EXERCISE —
Please reproduce the listing in its entirety, exactly as written, but without images.

SUPPLIED DATA —
######

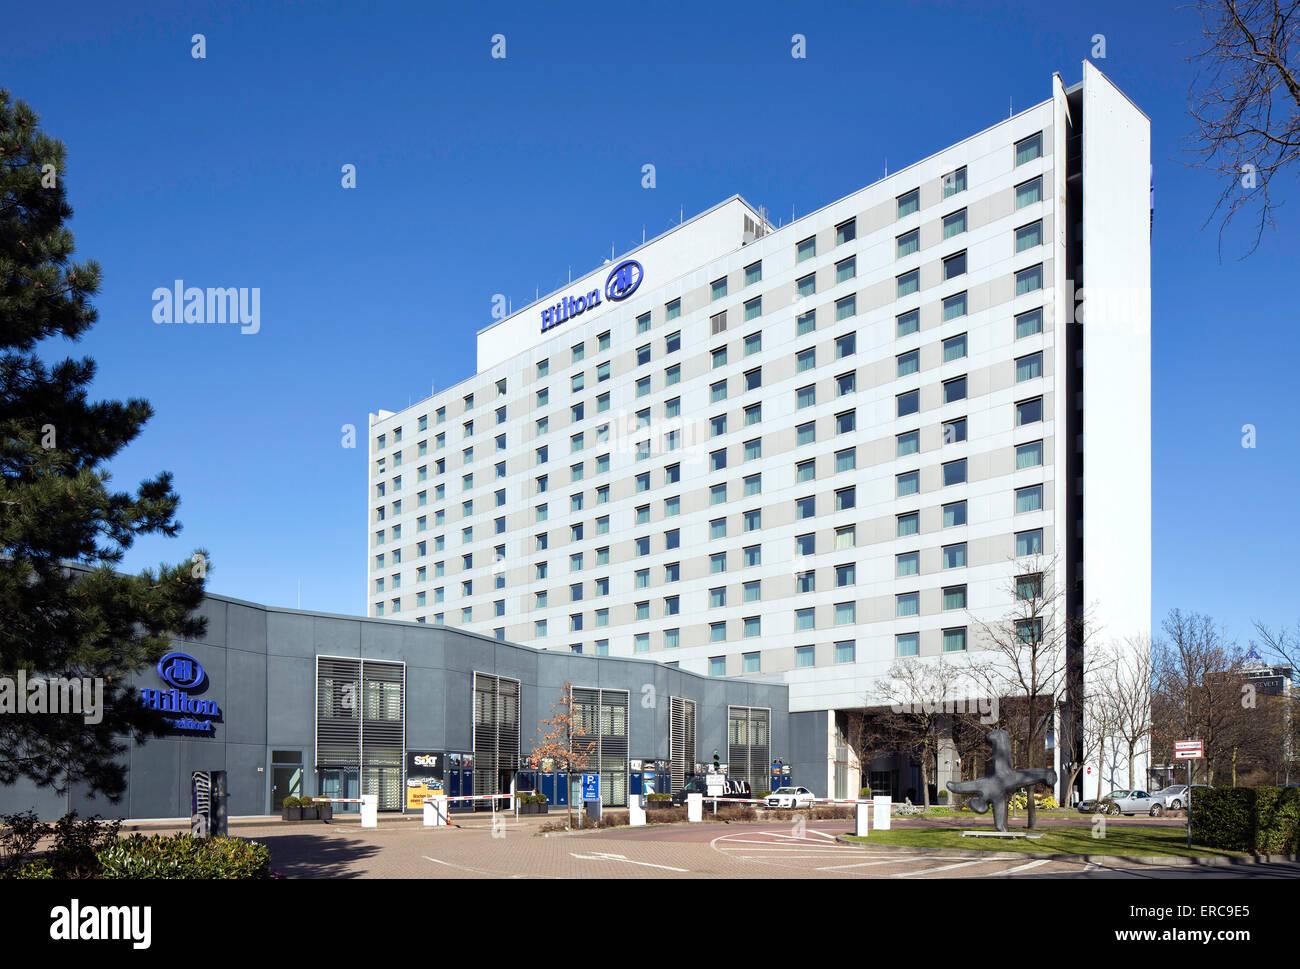 Hilton Hotel and Conference Centre, Düsseldorf, Rhineland, North Rhine-Westphalia, Germany - Stock Image
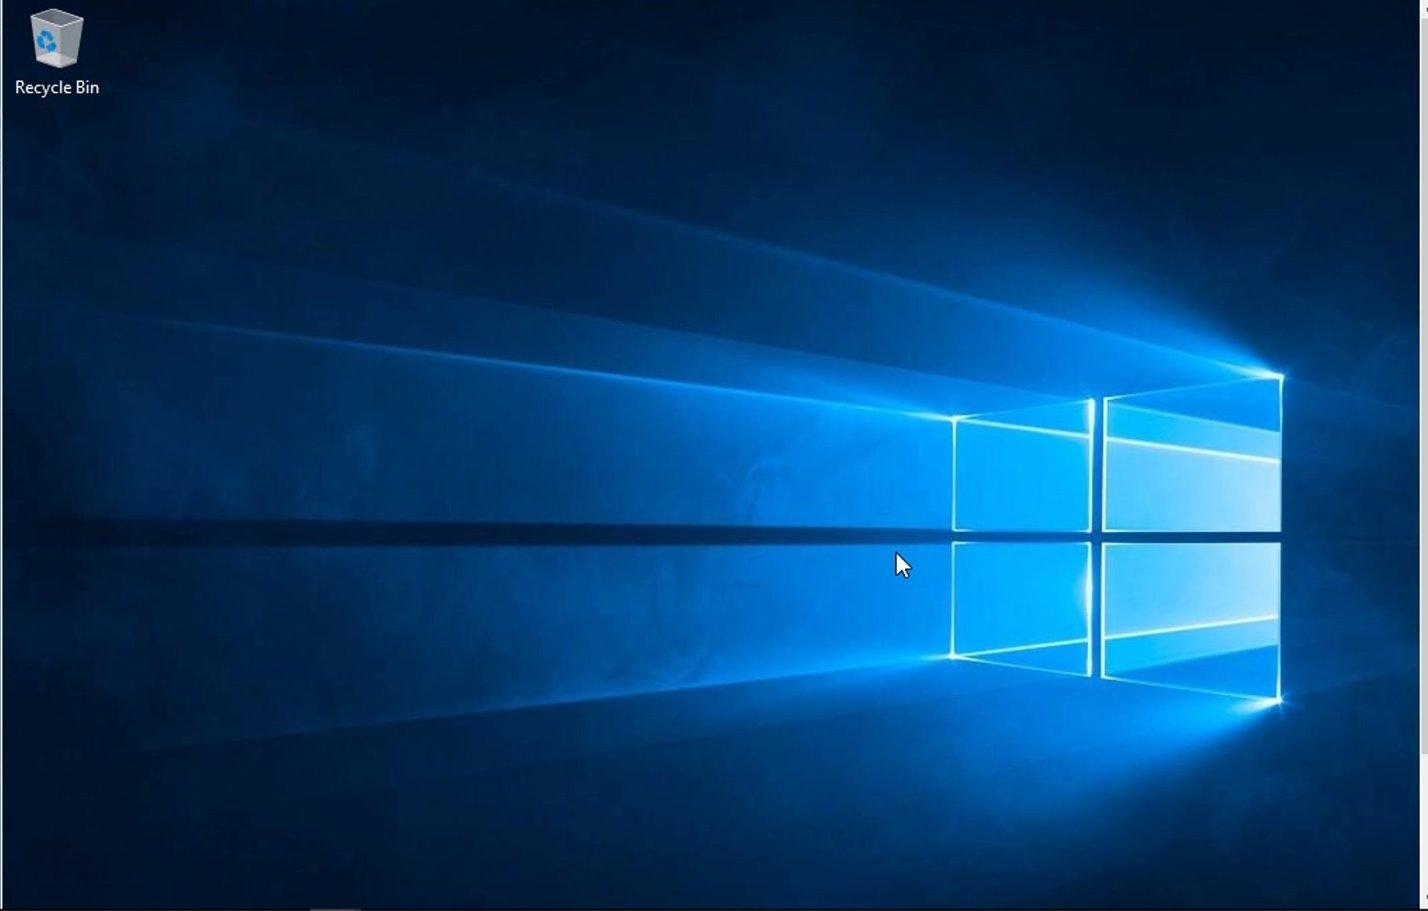 ITFORVN Bài 1 Part1 Cài đặt Windows Server 2016 34 e1491172007176 - [Tự học MCSA MCSE 2016] - Lab-1-Part1-Cài đặt Windows Server 2016
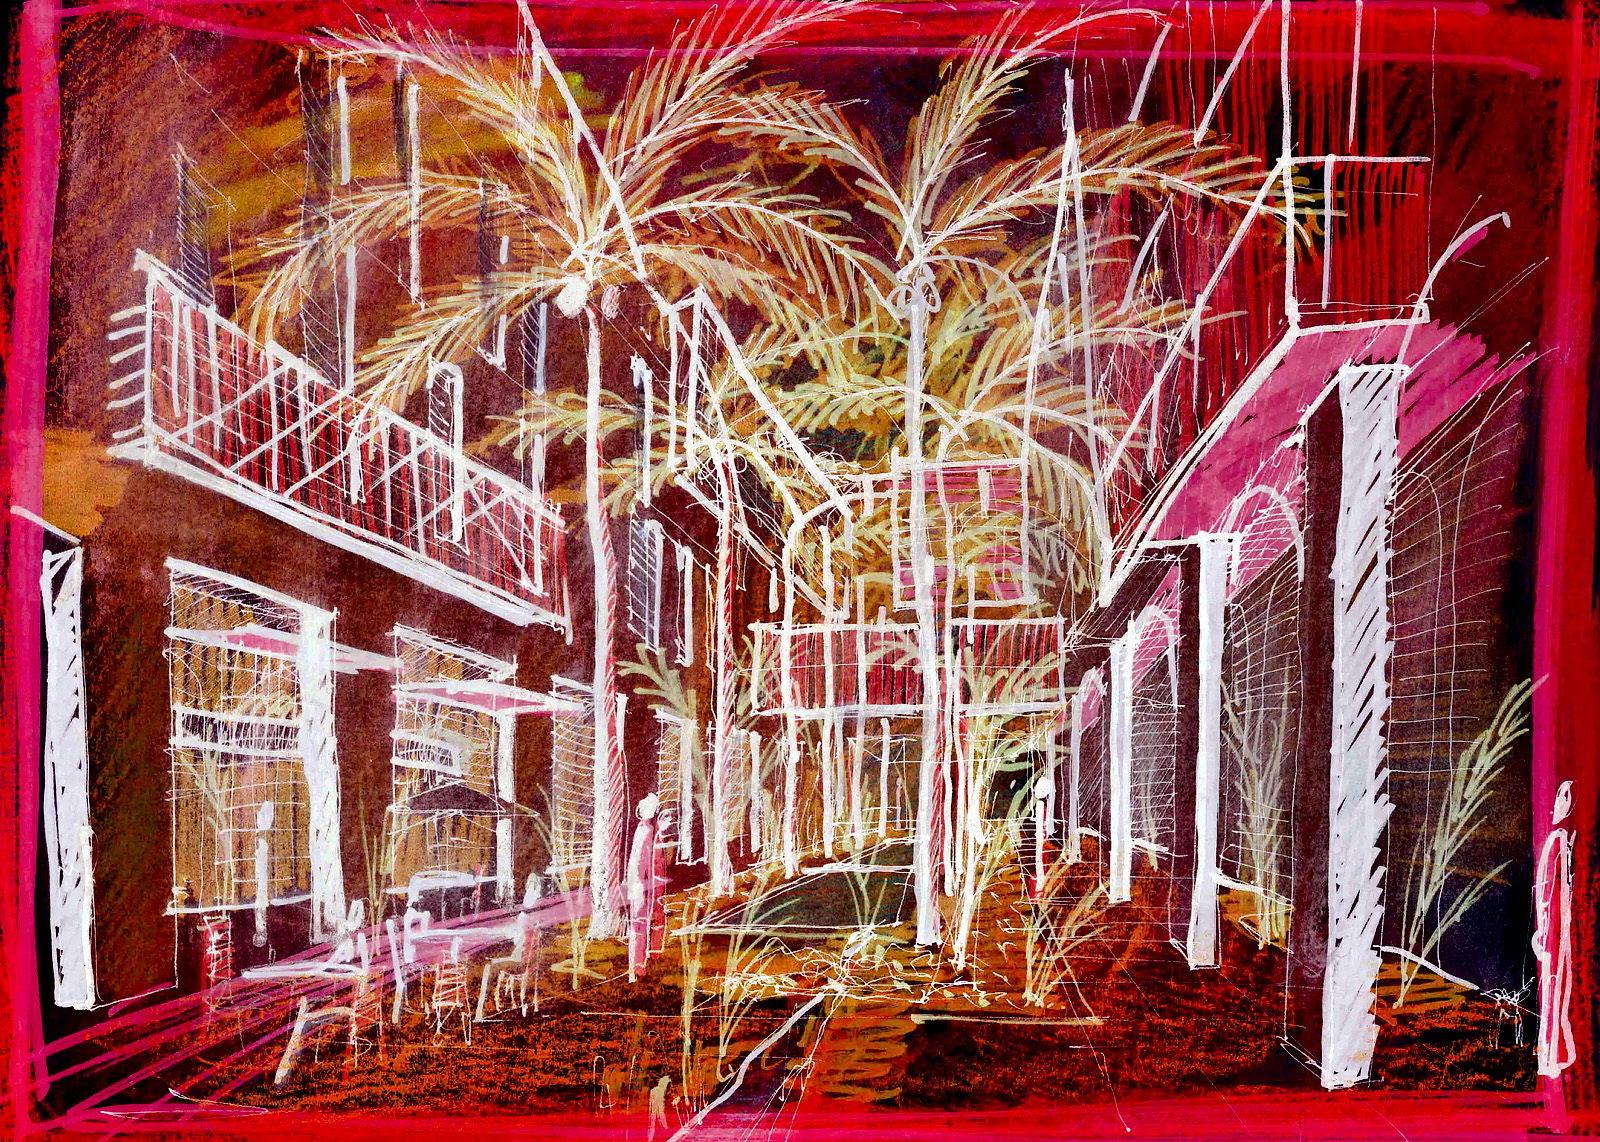 hotelový komplex   Basra - Irák   02
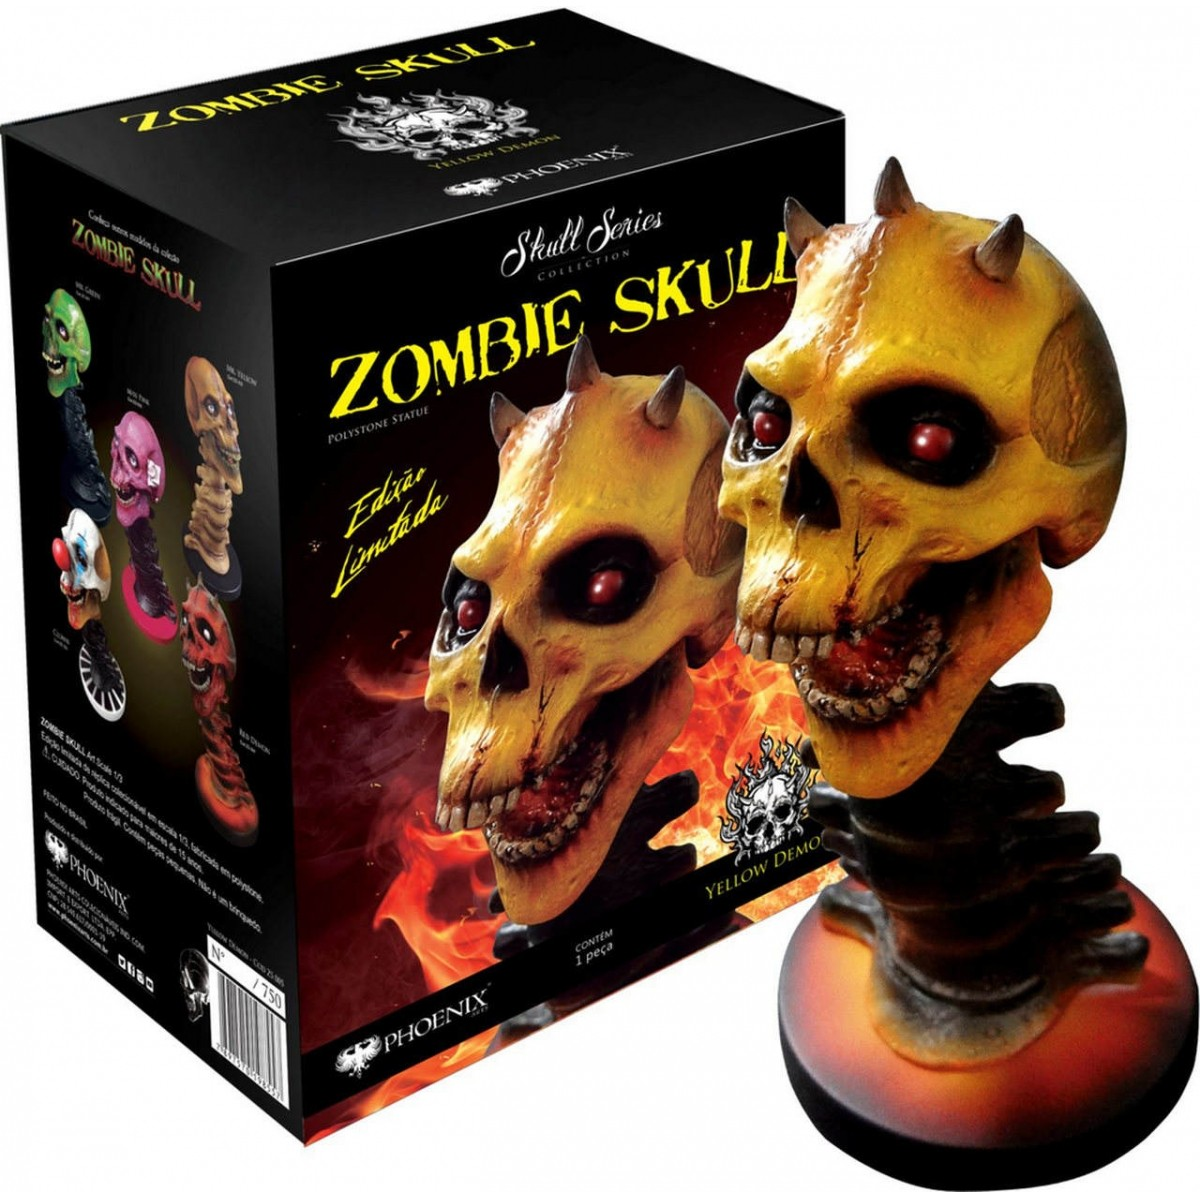 Estátua Zombie Skull Yellow Demon (Amarelo): Art Scale Edição Limitada Escala 1/3 - Phoenix Arts

######

TASK OUTPUT —
 Hilton Hotel and Conference Centre, Düsseldorf, Rhineland, North Rhine-Westphalia, Germany - Stock Image
 ITFORVN Bài 1 Part1 Cài đặt Windows Server 2016 34 e1491172007176 - [Tự học MCSA MCSE 2016] - Lab-1-Part1-Cài đặt Windows Server 2016
 hotelový komplex   Basra - Irák   02
 Estátua Zombie Skull Yellow Demon (Amarelo): Art Scale Edição Limitada Escala 1/3 - Phoenix Arts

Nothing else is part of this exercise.